When you reach the line containing "Grafika przedstawiająca logo" in the entries below, start writing out each line exactly, and stop after the line containing "Toàn cảnh LSDfi: Khi".

____ Record excerpts

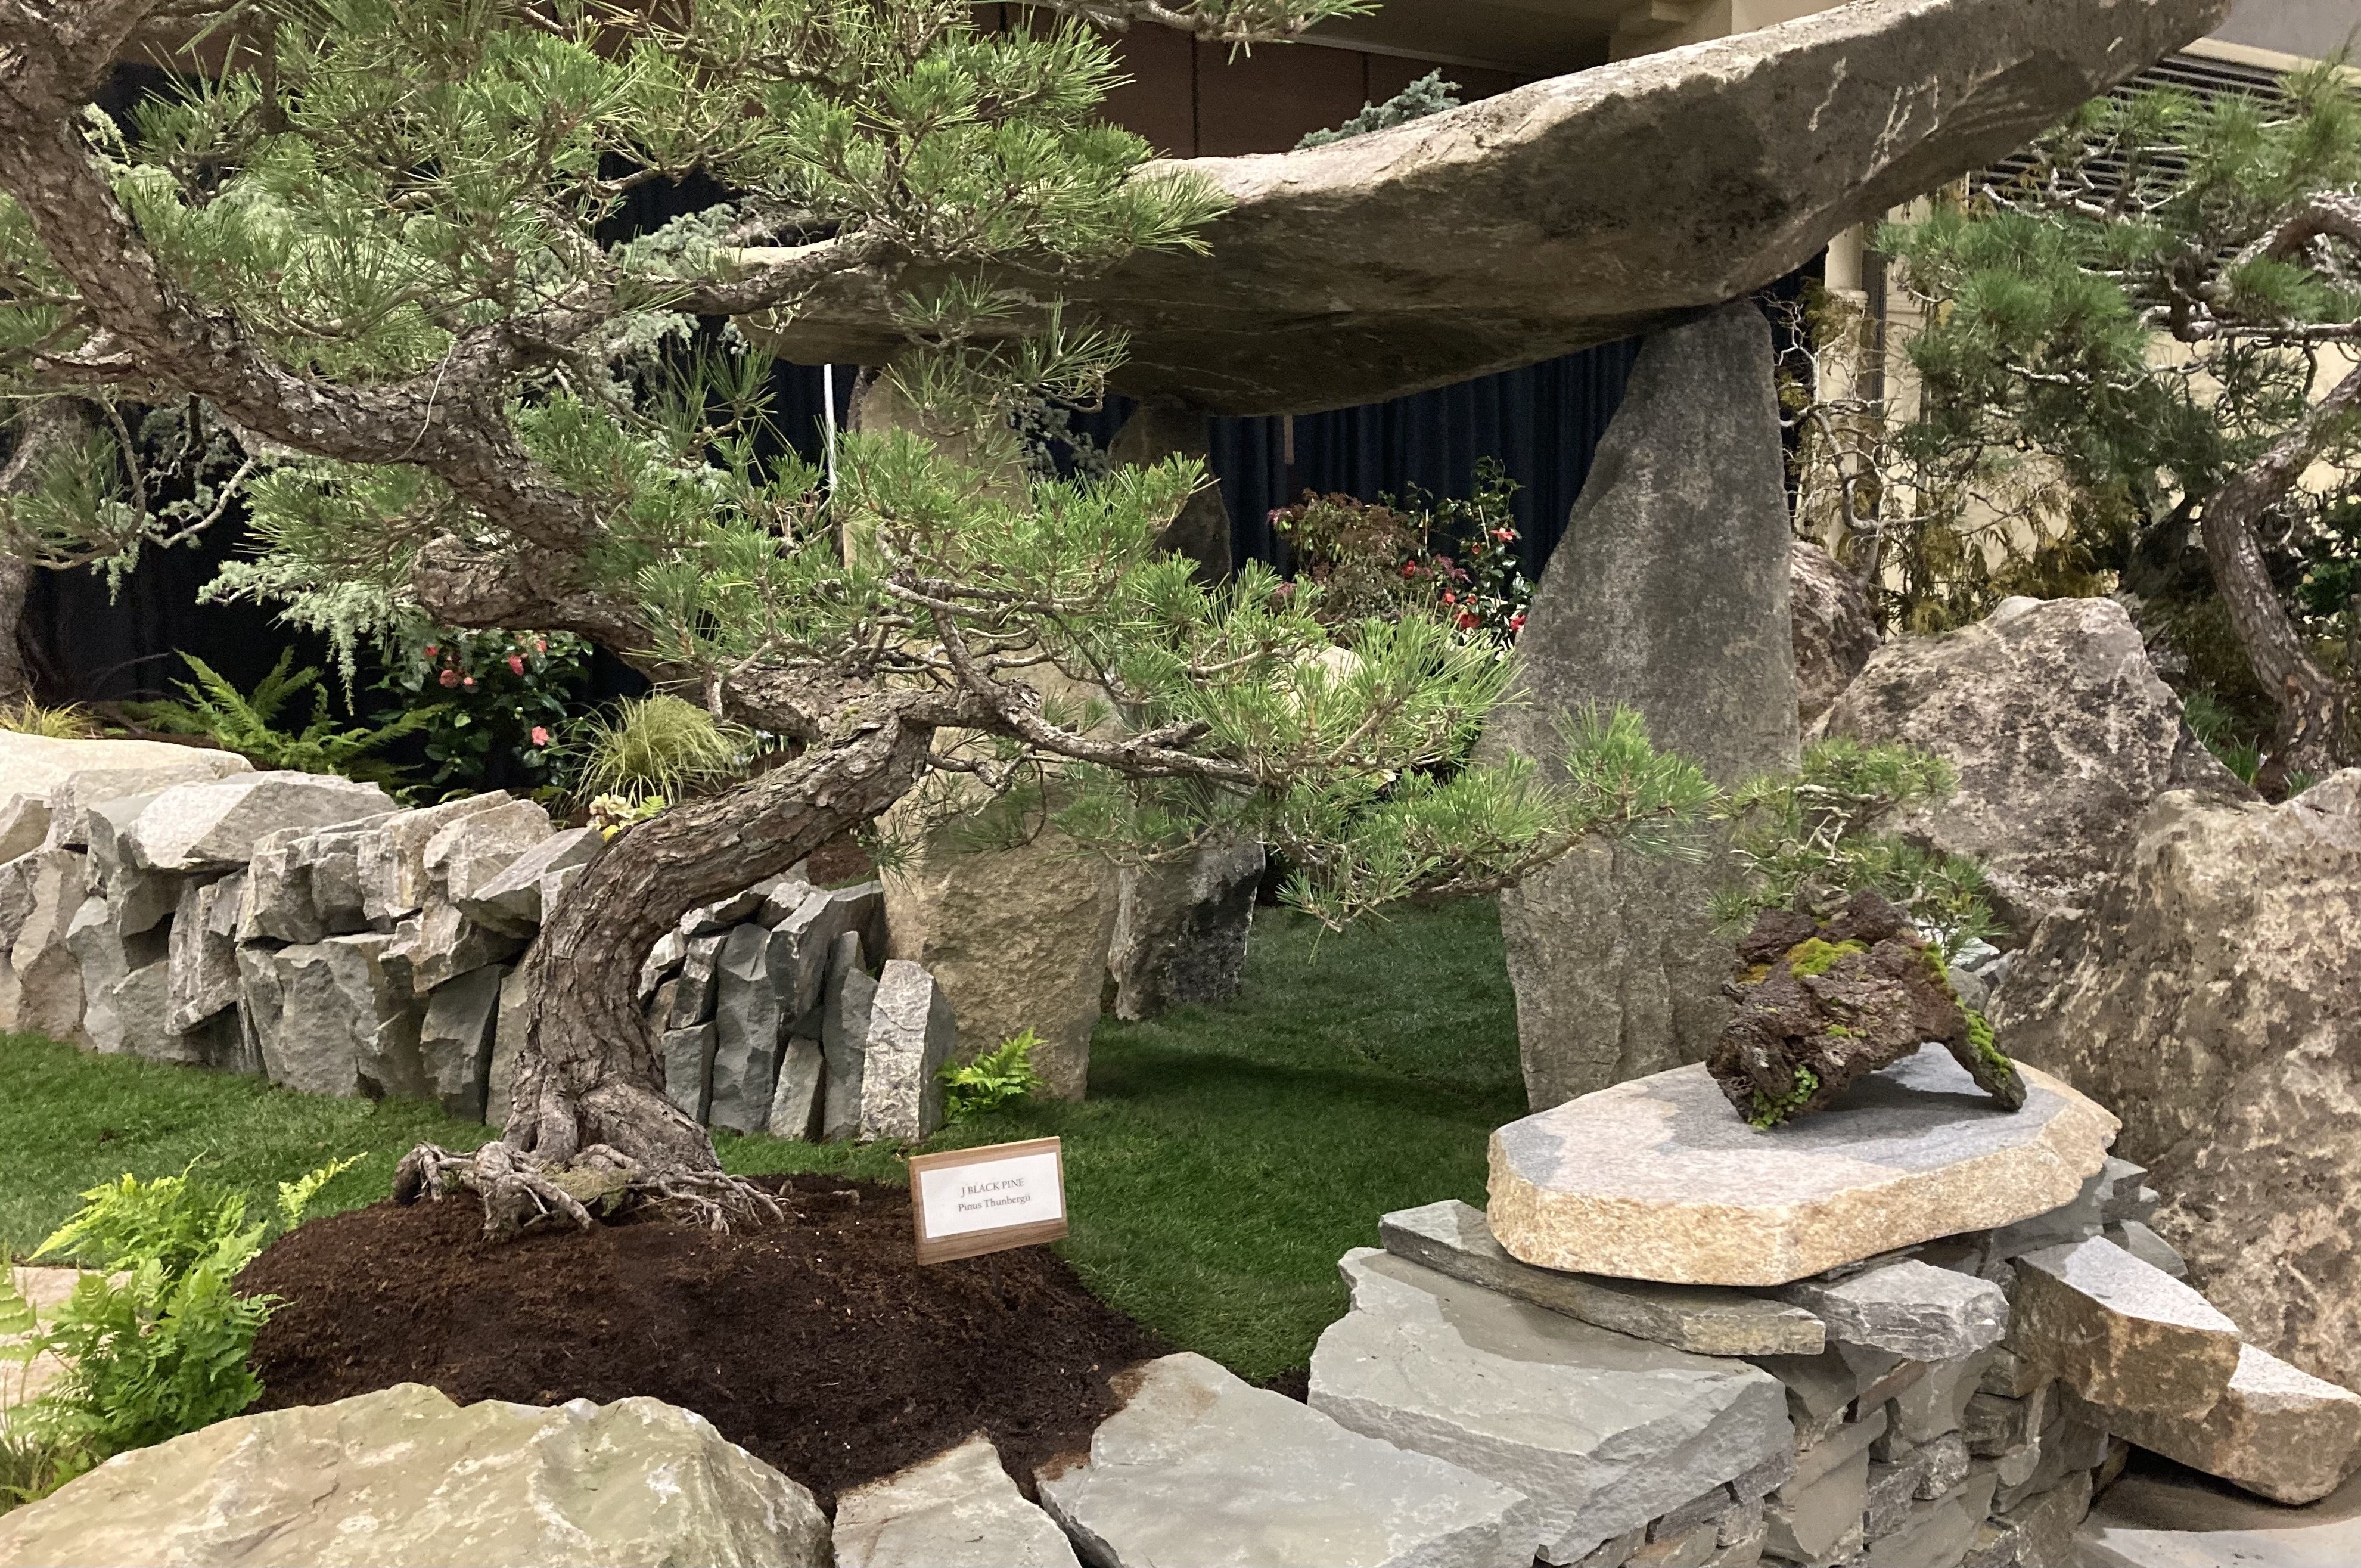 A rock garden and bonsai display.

________
____ Record excerpts

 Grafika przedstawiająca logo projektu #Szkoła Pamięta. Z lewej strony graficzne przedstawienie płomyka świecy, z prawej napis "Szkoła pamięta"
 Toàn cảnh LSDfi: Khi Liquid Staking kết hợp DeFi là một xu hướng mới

________

Exercise response:
 Grafika przedstawiająca logo projektu #Szkoła Pamięta. Z lewej strony graficzne przedstawienie płomyka świecy, z prawej napis "Szkoła pamięta"
 Toàn cảnh LSDfi: Khi Liquid Staking kết hợp DeFi là một xu hướng mới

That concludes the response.